This extends to the unlockable characters as well. Sure, they tally over a hundred - including from other Pixar movies like Woody from Toy Story - but some of them seem to exist to just make up the numbers. You can play as the old woman whose cat Mr. Incredible rescues, which is a bit of a stretch, as is the character count considering a lot of powers remain the same. What’s cool though is the ability to kit out your own superhero from the Lego you’ve collected, though you can’t use it until you’ve completed a mission at least once.
All of this compounded by a camera that loses focus ever so often and button prompts that don’t work as they should, putting a damper on what should be a straightforward experience. These issues result in your character being killed more often than it really should. At times it feels that Lego The Incredibles’ biggest villain is the lack of polish and attention to these elements, further hamstrung by an erratic frame rate and texture pop-in on the Xbox One X that doesn’t make it look as good as it could be.
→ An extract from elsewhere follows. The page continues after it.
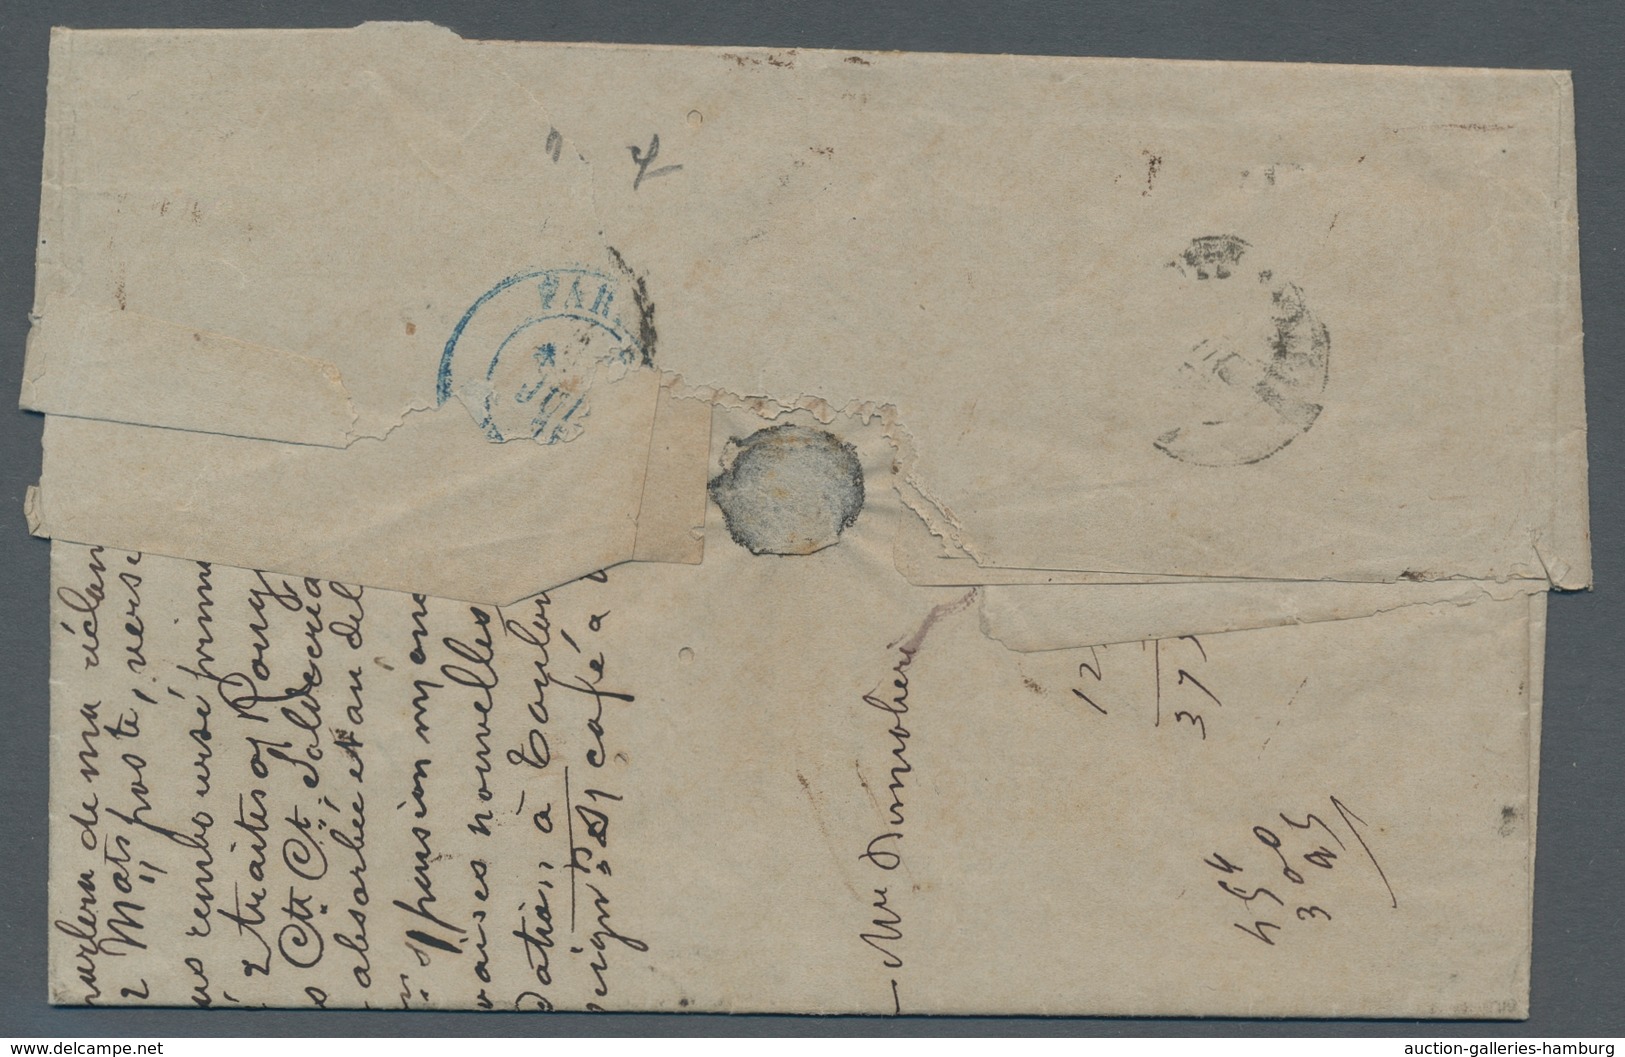 Reunion: 1854-1912, ungemein reichhaltige Sammlung von 190 frankierten Briefen, Karten, Briefvorders

Clocking in at around 12 hours, Lego The Incredibles’ questionable narrative choices and bland gameplay make it one to avoid. If you’re looking for your Incredibles fix, check out movies instead because the game is far from incredible.
Rating (out of 10): 5
Gadgets 360 played a review copy of Lego The Incredibles on Xbox One X. The game is available on PS4, Xbox One, and Nintendo Switch priced at Rs. 2,999 ($60 in the US). The PC version costs Rs. 1,299 ($40 in the US).